Linear systems of equations are the basic tool in NLA.
They appear as:
- Linear regression problems
- Discretization of partial differential/integral equations
- Linearizations of nonlinear regression problems
- Optimization (i.e., Gauss-Newton and Newton-Raphson methods, KKT)

Linear equations and matrices¶

From school we know about linear equations.
A linear system of equations can be written in the form

\begin{align*} &2 x + 3 y = 5\quad &\longrightarrow \quad &2x + 3 y + 0 z = 5\\ &2 x + 3z = 5\quad &\longrightarrow\quad &2 x + 0 y + 3 z = 5\\ &x + y = 2\quad &\longrightarrow\quad & 1 x + 1 y + 0 z = 2\\ \end{align*}

Matrix form¶

$$ \begin{pmatrix} 2 & 3 & 0 \\ 2 & 0 & 3 \\ 1 & 1 & 0 \\ \end{pmatrix}\begin{pmatrix} x \\ y \\ z \end{pmatrix} = \begin{pmatrix} 5 \\ 5 \\ 2 \end{pmatrix} $$

or simply

$$ A u = f, $$

where $A$ is a $3 \times 3$ matrix and $f$ is right-hand side

Over/under determined linear systems¶

If the system $Au = f$ has

more equations than unknowns it is called overdetermined system (generically, no solution)
less equations than unknowns it is called underdetermined system (solution is non-unique, to make it unique additional assumptions have to be made)

Existence of solutions¶

A solution to the linear system of equations with a square matrix $A$

$$A u = f$$

exists, iff

$\det A \ne 0$

matrix $A$ has full rank.

Scales of linear systems¶

In different applications, the typical size of the linear systems can be different.

Small: $n \leq 10^4$ (full matrix can be stored in memory, dense matrix)
Medium: $n = 10^4 - 10^6$ (typically, sparse or structured matrix)
Large: $n = 10^8 - 10^9$ (typically sparse matrix + parallel computations)

Linear systems can be big¶

We take a continious problem, discretize it on a mesh with $N$ elements and get a linear system with $N\times N$ matrix.
Example of a mesh around A319 aircraft (taken from GMSH website).

The main difficulty is that these systems are big: millions or billions of unknowns!

Linear systems can be structured¶

Storing $N^2$ elements of a matrix is prohibitive even for $N = 100000$.

Q: how to work with such matrices?

A: fortunately, those matrices are structured and require $\mathcal{O}(N)$ parameters to be stored.

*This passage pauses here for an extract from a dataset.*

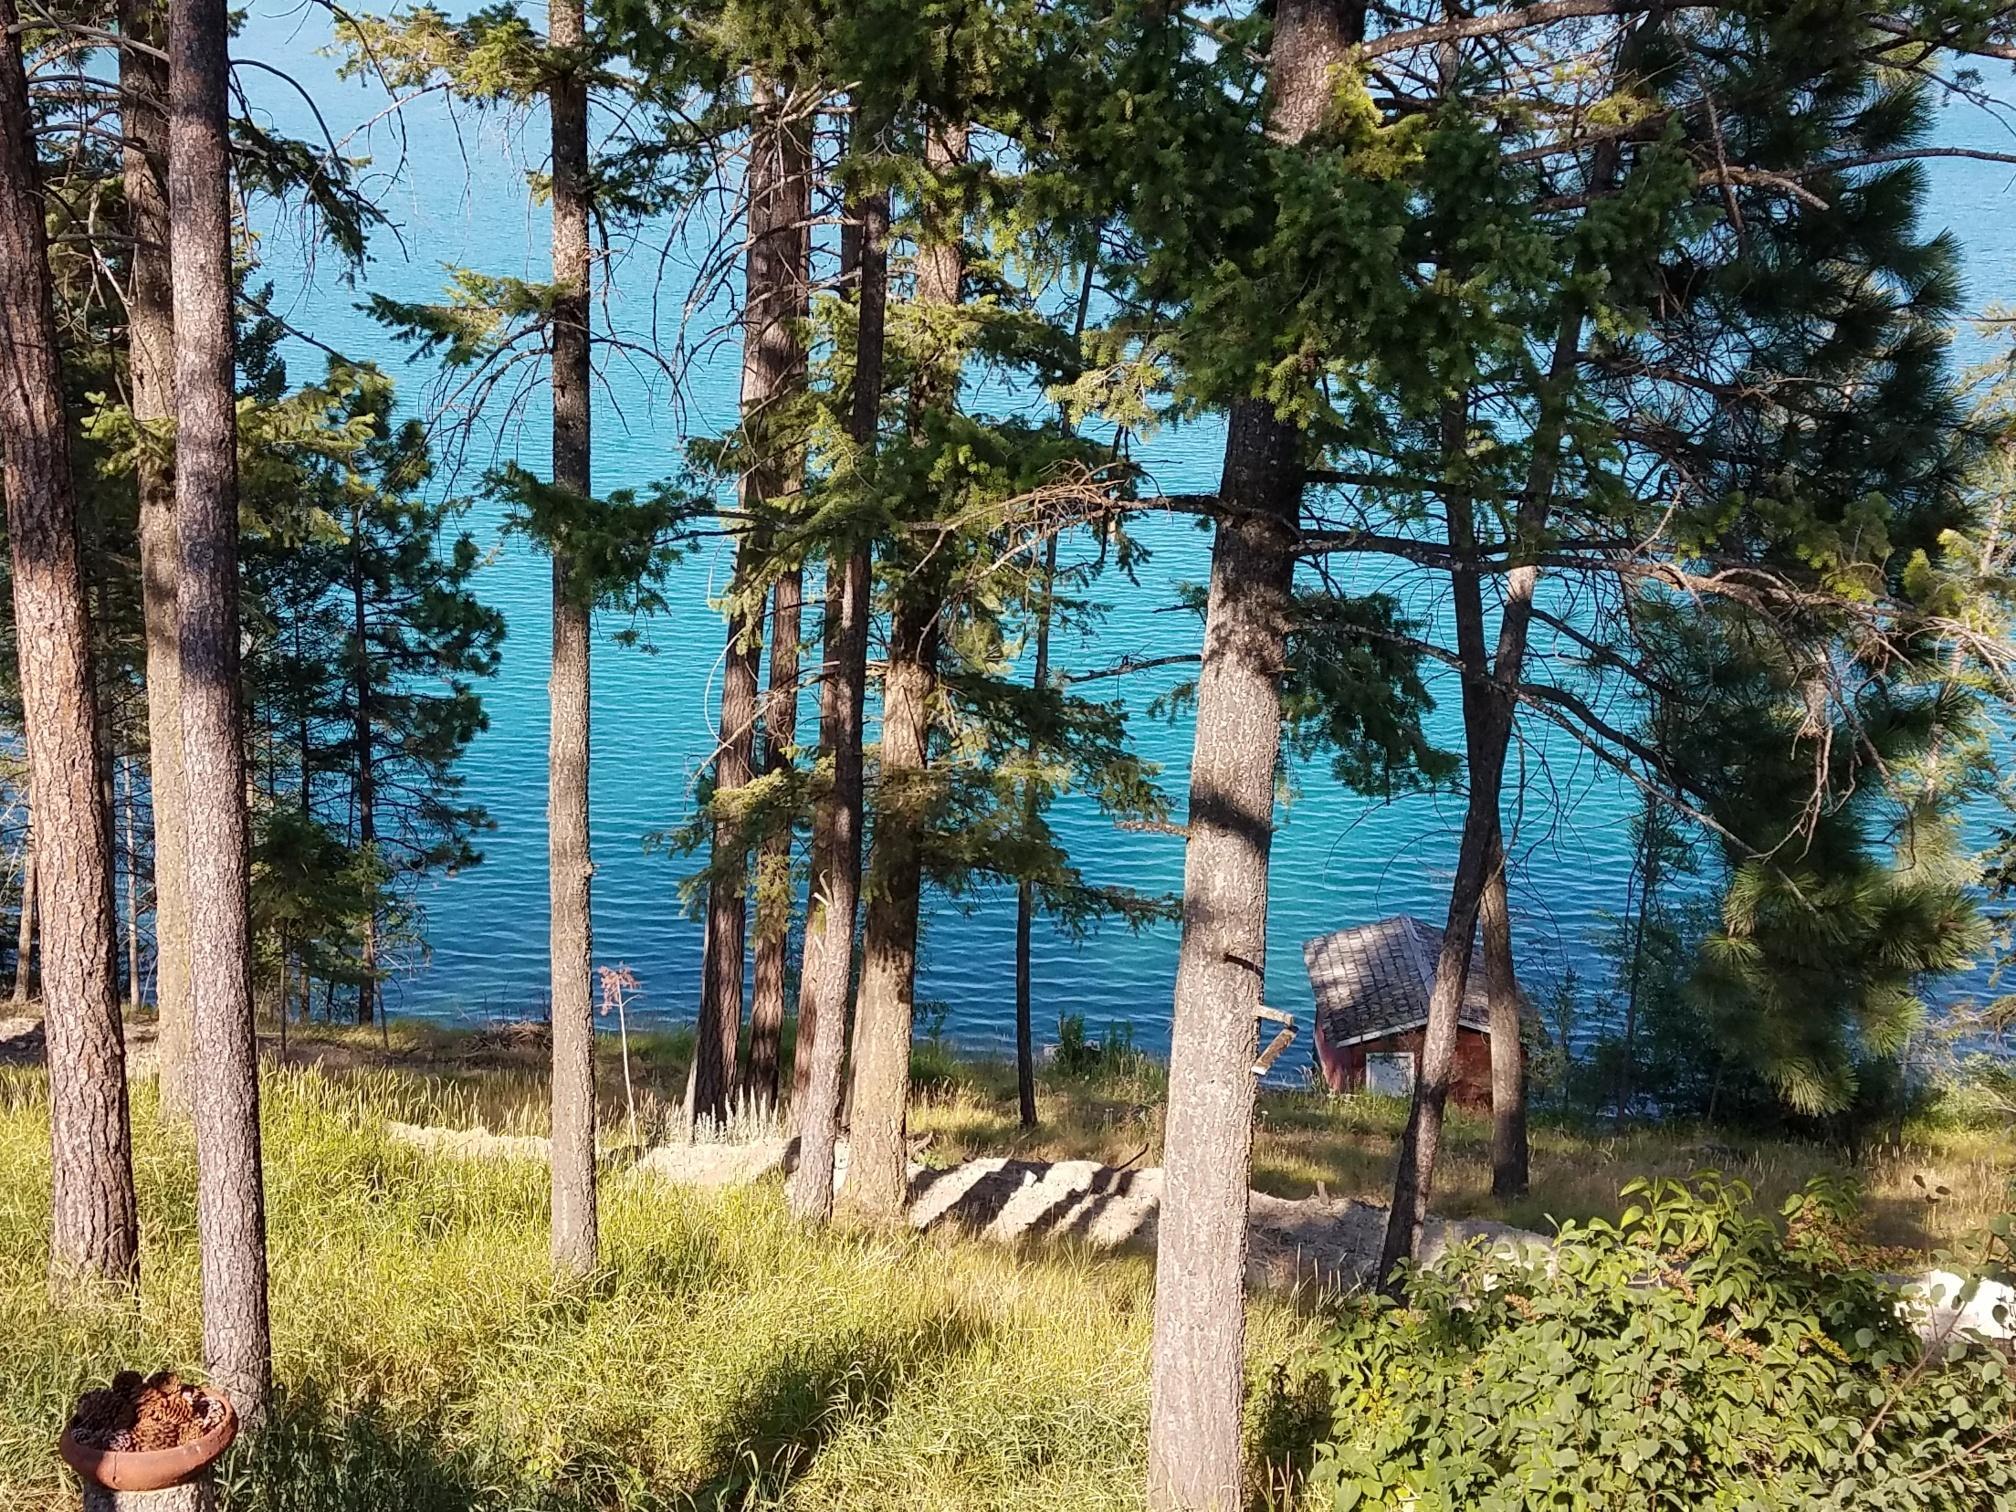 340 N Foys Lake Drive, Kalispell, MT 59901

The most widespread structure are sparse matrices: such matrices have only $\mathcal{O}(N)$ non-zeros!
Example (one of the famous matrices around for $n = 5$):

$$ \begin{pmatrix} 2 & -1 & 0 & 0 & 0 \\ -1 & 2 & -1 & 0 & 0 \\ 0 & -1 & 2 & -1 & 0 \\ 0 & 0 &-1& 2 & -1 \\ 0 & 0 & 0 & -1 & 2 \\ \end{pmatrix} $$

At least you can store such matrices
Also you can multiply such matrix by vector fast
But how to solve linear systems?

Main questions about linear systems¶

What is the accuracy we get from the solution (due to rounding errors)?
How we compute the solution? (LU-decomposition, Gaussian elimination)
What is the complexity of the solution of linear systems?

How to solve linear systems?¶

Important: forget about determinants and the Cramer rule (it is good for $2 \times 2$ matrices still)!

How to solve linear systems?¶

The main tool is variable elimination.

\begin{align*} &2 y + 3 x = 5 \quad&\longrightarrow \quad &y = 5/2 - 3/2 x \\ &2 x + 3z = 5 \quad&\longrightarrow\quad &z = 5/3 - 2/3 x\\ &z + y = 2 \quad&\longrightarrow\quad & 5/2 + 5/3 - (3/2 + 2/3) x = 2,\\ \end{align*}

and that is how you find $x$ (and all previous ones).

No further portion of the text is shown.